Дашка поспешно спрятала руки под стол.
– Я помогу тебе. Хочешь рисовать – будешь рисовать. Хоть пой! Устрою. А сейчас мы пойдем с тобой в кино.
– Куда?!! – Дарья решила, что ослышалась.
– В кино. Даша. Ты подарила мне немало приятных минут, я словно в детство свое вернулся. Так подари мне еще и кино это, дневной сеанс, а?
Он говорил так, будто они с Дашкой вдвоем сидели в комнате и не было рядом ушей Вити и Сережи, – впрочем, те вполголоса переговаривались между собой. Видимо, за долгие годы работы с Зиновьевым привыкли быть в тени и слышать лишь то, что нужно было слышать.
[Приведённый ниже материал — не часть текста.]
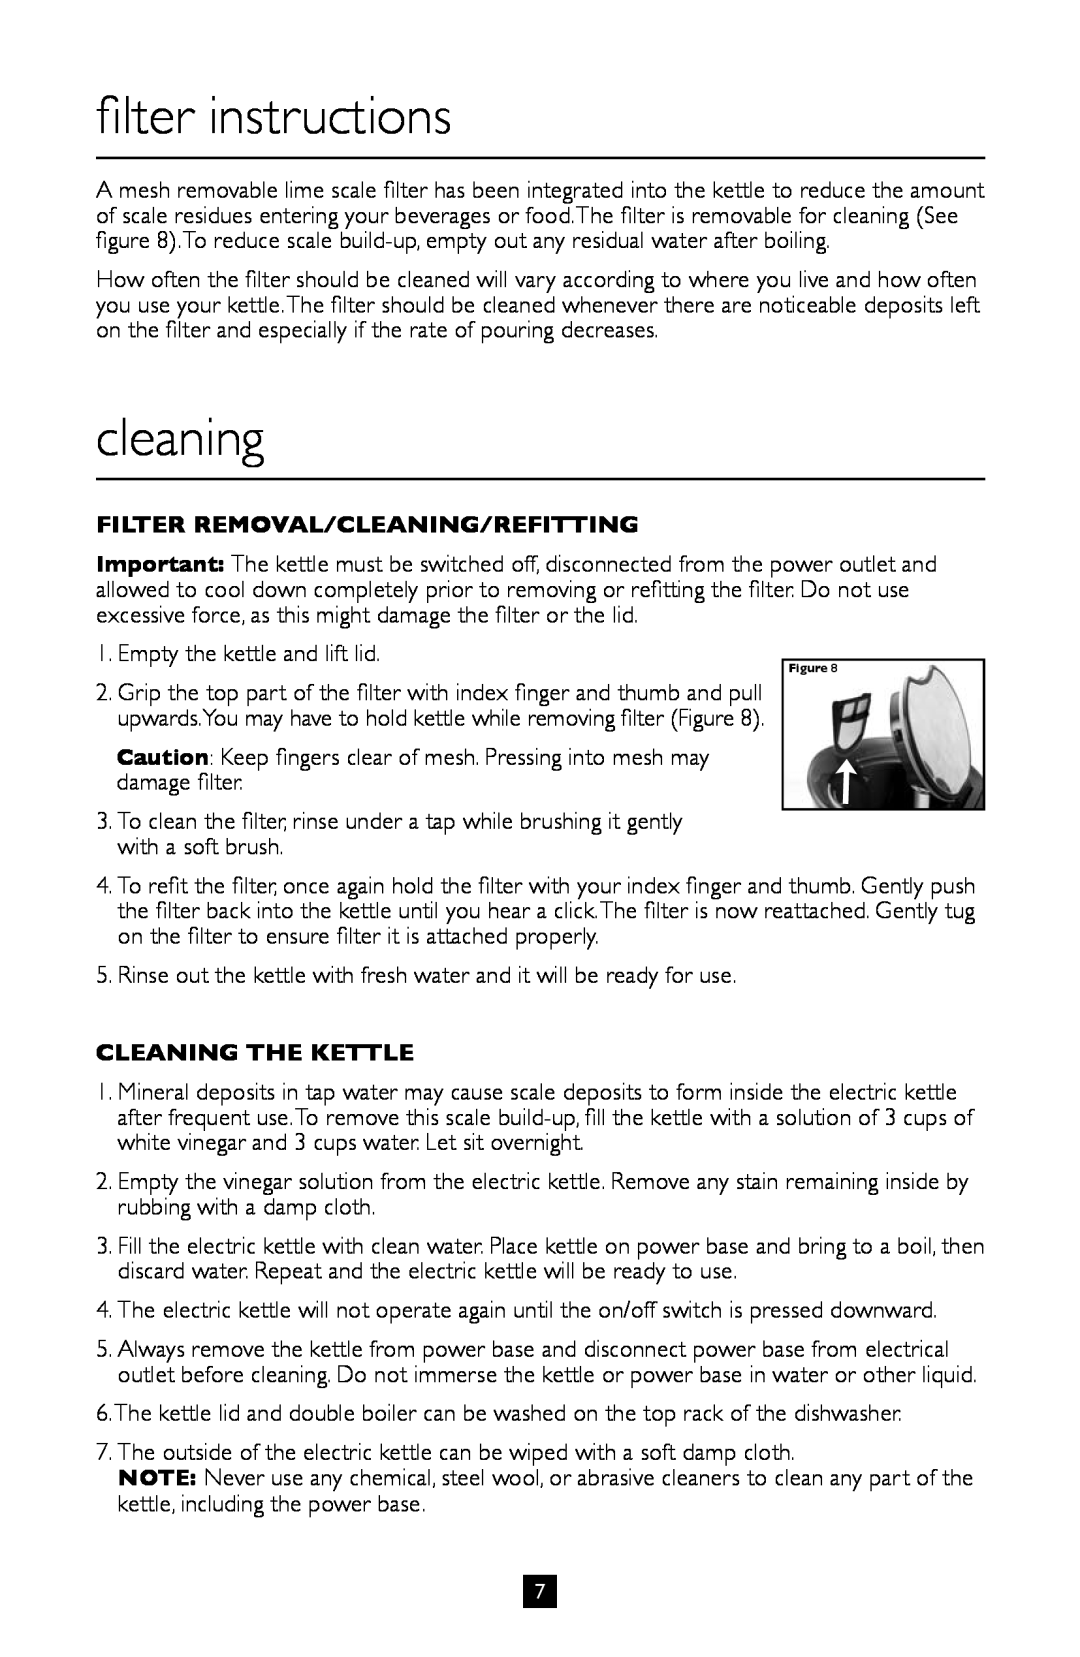 Villaware BVVLKTSL01 filter instructions, cleaning, Filter Removal/Cleaning/Refitting, Cleaning The Kettle

– Я даже не знаю... – Дашка засомневалась. – Я вообще-то сегодня собиралась пойти поискать себе ботинки!
– Отлично! Едем покупать ботинки! И не только. Куртка тебе новая нужна? Шапка? Еще что там нужно тебе, думай – все купим. А потом – в кино. Можно так?
– Ну... Можно, наверное...
* * *
Даша с трудом понимала, что происходит. Она, конечно, вчера допоздна думала об этом человеке, который так внезапно ворвался в ее жизнь. Она рада была тому, что Зиновьев, как когда-то Ваня Сурин, помог ей. И дело не в новеньких хрустящих долларах, которыми Василий Михайлович щедро расплатился за Дашкины картинки. Дашке немного неудобно было: все-таки таких денег ее работы не стоили. Но деньги ей были очень нужны. Если честно, уже давно хотелось изменить что-то в себе, гардероб поменять. А после того, как она проехалась в зиновьевском «мерседесе», ей просто страшно захотелось преображения. И капитал у нее как раз появился, долларовый. Она собиралась на вещевой рынок, а Зиновьев прямиком повез ее в центр.
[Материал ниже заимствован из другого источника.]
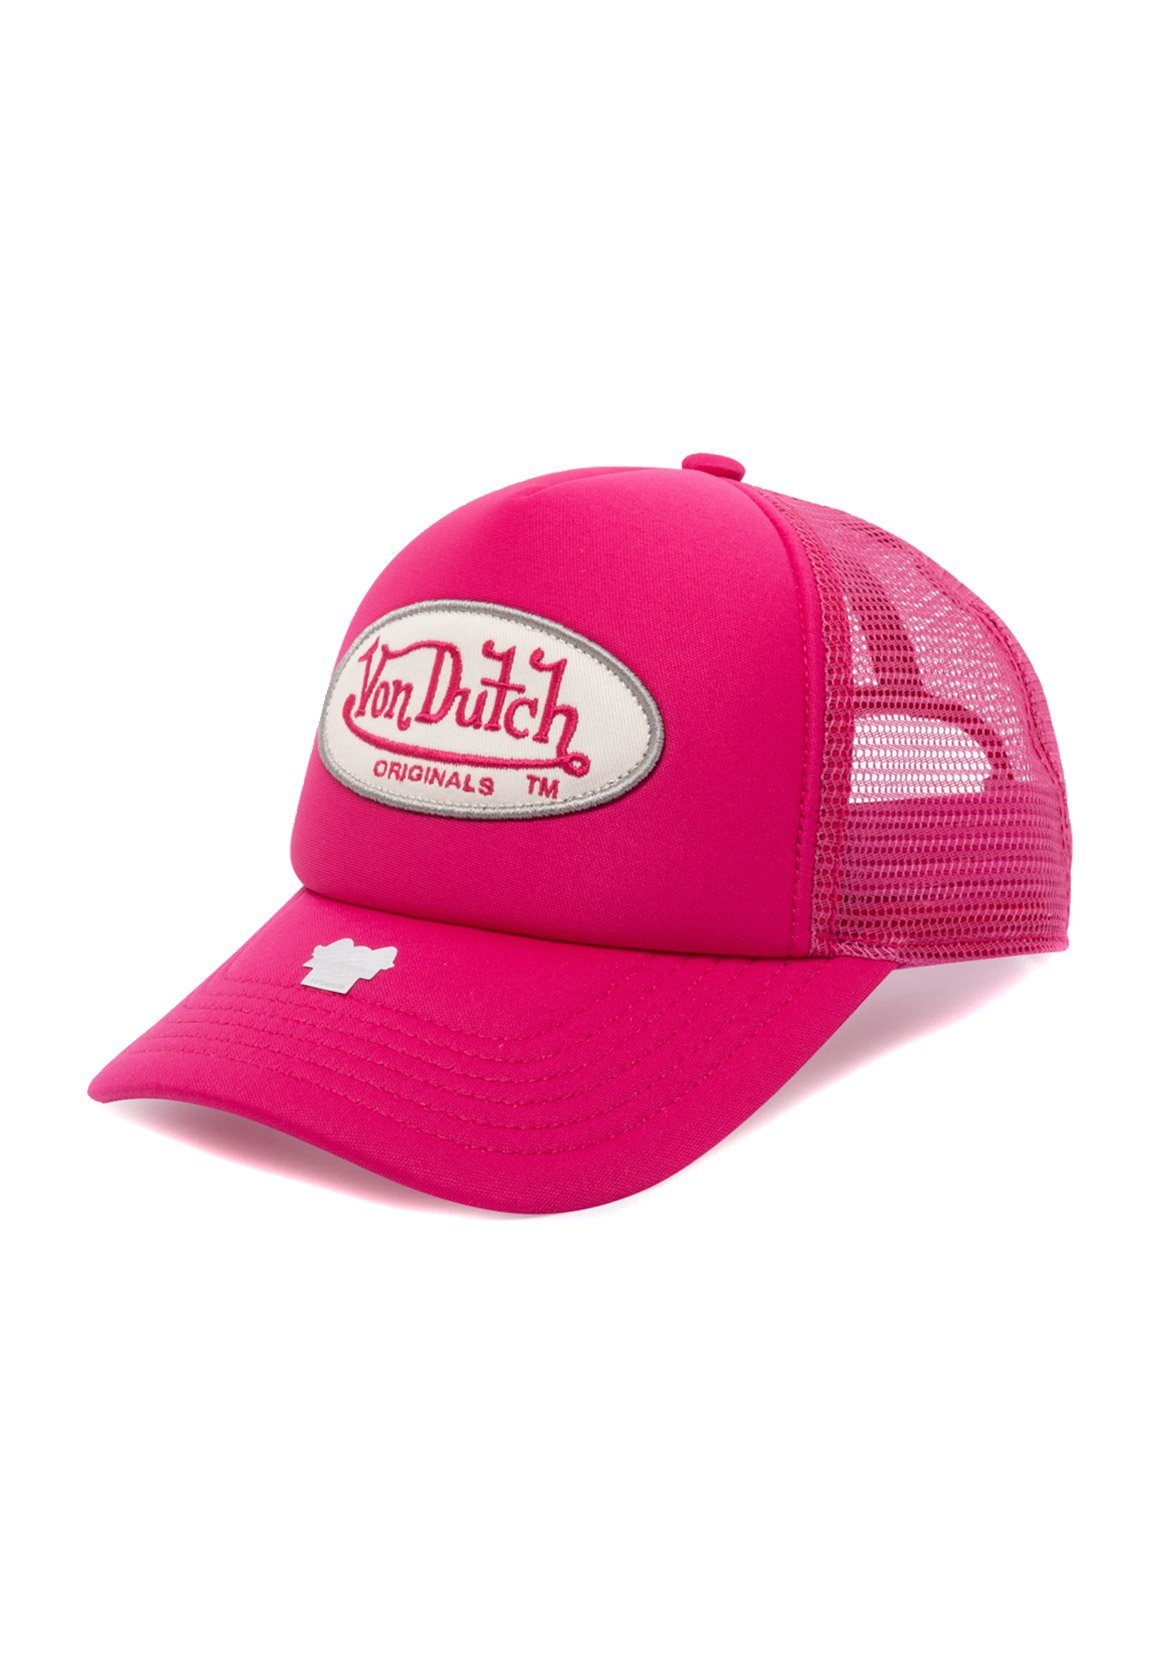 Von Dutch Trucker Cap Trucker Dutch Cap TAMPA Pink Pink Von

Когда белый «мерседес» остановился на Невском у огромного магазина, в витринах которого крутились на манекенах в лучах крохотных софитов шубки, шубы и манто, Дашка сжалась вся и твердо сказала:
– Я туда не пойду.
– А я туда и не зову тебя. Музыку слушай и посиди немножко, ладно?
* * *
Зиновьев вышел из машины, кивнул Вите Осокину. Дарья видела их отражение в боковом зеркале. Мужчины посовещались о чем-то и поднялись по ступенькам в магазин. Минут через пять вышел Витя с незнакомым молодым парнем, который открыл заднюю дверцу «мерседеса» и легко, как кузнечик, закинул свое тоненькое тельце в салон. Дарья обернулась к нему.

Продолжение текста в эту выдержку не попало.